Kent MP to raise travel industry plight with chancellor

The Conservative MP for the Kent constituency of Tonbridge & Malling, Tom Tugendhat, has promised to raise the desperate situation faced by businesses in travel with chancellor Rishi Sunak in a meeting on Monday.

Tugendhat invited constituents Nick Marks, joint managing director of Baldwins Travel; Jayne Peirce, owner of Jayne Peirce Travel Recruitment and Lucy Huxley, editor-in-chief of Travel Weekly, to a meeting on Friday afternoon.

Due to the national lockdown in England, the meeting took place virtually, but Tugendhat spent 30 minutes listening to the plight of agents, operators and other businesses dependent on the travel industry.

Marks, who operates eight travel agency branches across Kent and East Sussex, said: “From a travel agent’s point of view, we have refunded over £5 million worth of holidays since March with no income whatsoever.

“Everything that we have earned last year and the year before has evaporated from our bank account.”

Travel corridors removed

Commenting on countries being granted travel corridors which are then quickly removed, he said: “We try and do a booking; we confirm it, then the next day it’s cancelled and we have to refund the money.

“We’re all refunding everything we have earned plus more.

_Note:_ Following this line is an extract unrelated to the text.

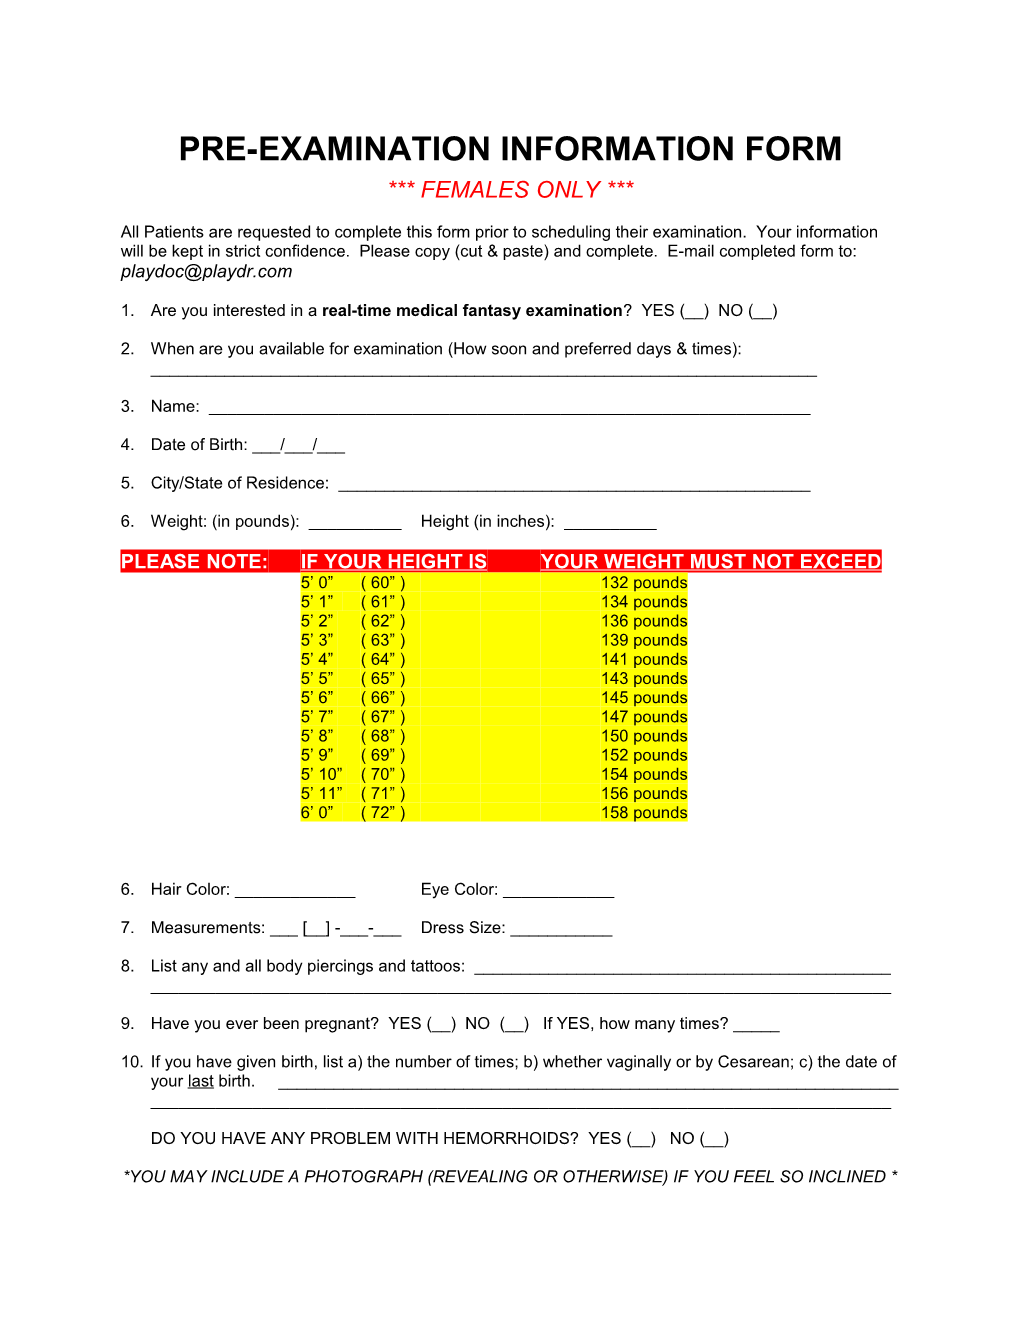 Pre-Examination Information Form

We’re paying for our staff to be there, to service our customers, but we are earning nothing.”

Marks said he had already had to make 20 staff redundant, something he described as “devastating”.

“Some of them have been with our company for 20 or 30 years. My father, our chairman, has been in travel for 57 years. This isn’t just heart-breaking for him and for our family, but for all the families of the people we employ,” he said.

Time running out

Explaining time was rapidly running out for travel companies, Marks added: “There’s now a very short amount of time left before you see big swathes of travel agents and tour operators going bust.

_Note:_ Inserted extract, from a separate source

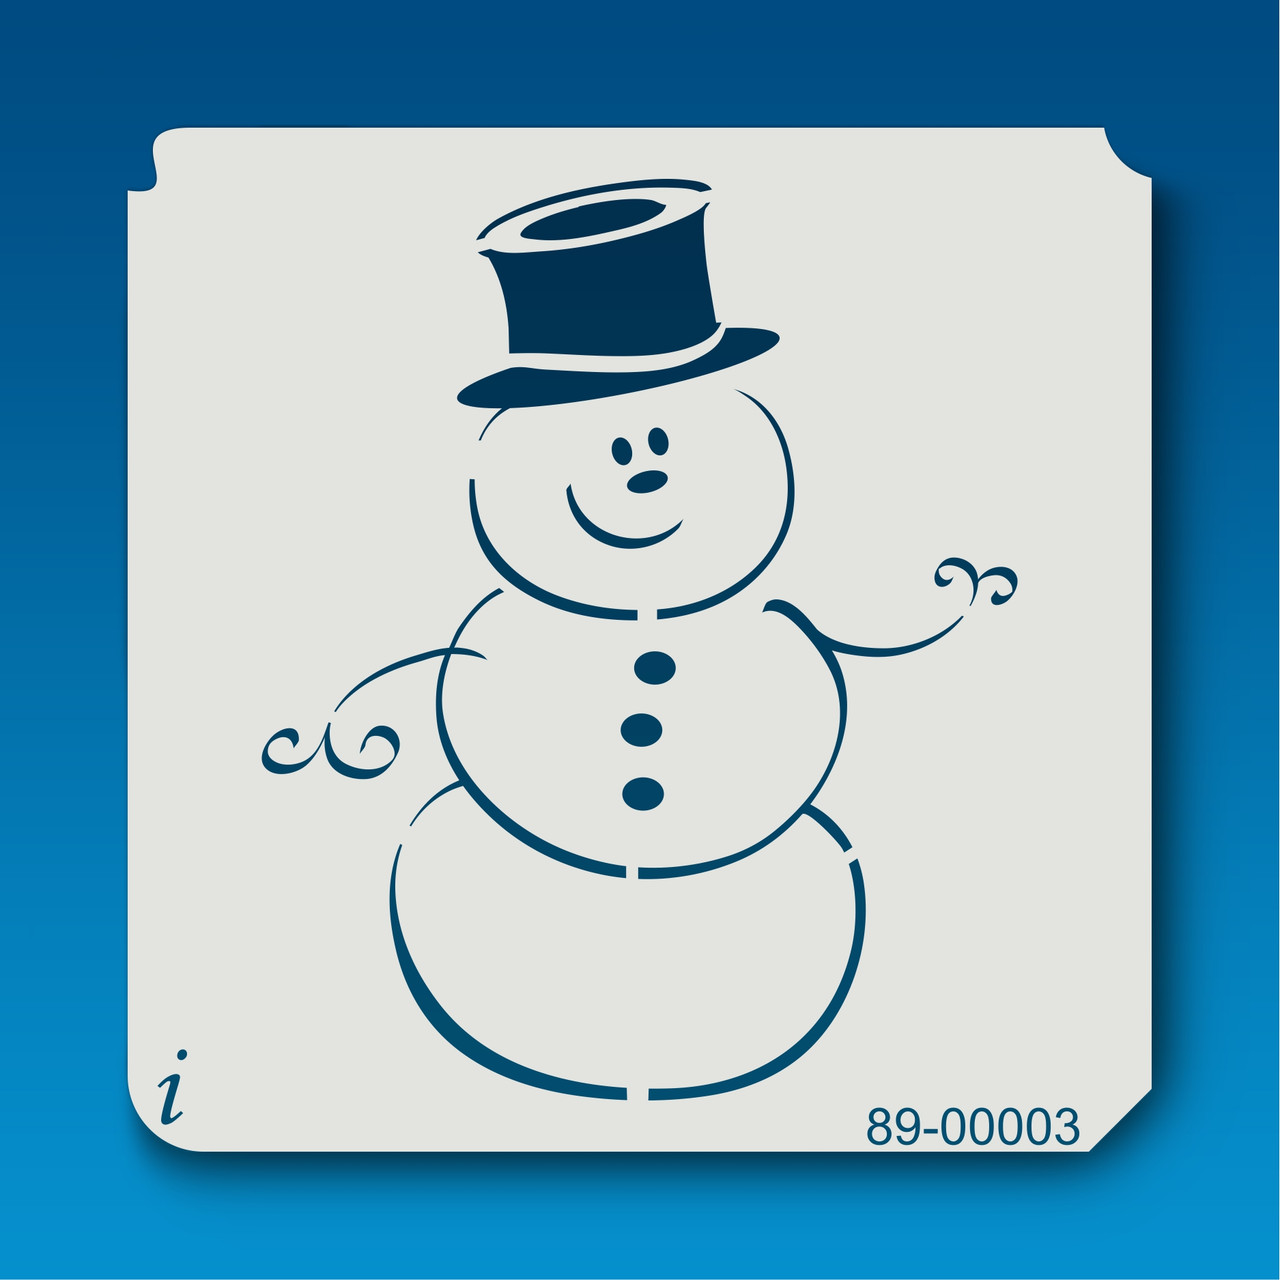 9264 LOVE snowman stencil

Research done by the consortium Baldwins is part of found that 61% of agents said they won’t be around as of February because they will simply run out of money. We need some help from government.

“Hospitality was helped and yet in some ways, they have been able to trade. We haven’t. It has cost my business over £1 million. We’re between a rock and a hard place and the future can only go on for so long. I’m not just speaking on behalf of Baldwins but for the whole travel agency sector.”

Peirce added that her business, which specialises in travel recruitment, had also been hit hard.

Quarantine impact

“I’ve just generated my first invoice since March. We need to trade our way out of this but we can’t. We want a plan and a path from a government point of view. Quarantine has really hindered our industry. We have to keep staff employed to amend bookings and pay refunds. I can’t think of another industry that is affected in the way that we are.”

Tugendhat listened to the concerns and said: “You’ve been very ignored. There are a lot of people focused on airlines and hotels and not the enablers like yourselves. I’d be very interested to know how I can help.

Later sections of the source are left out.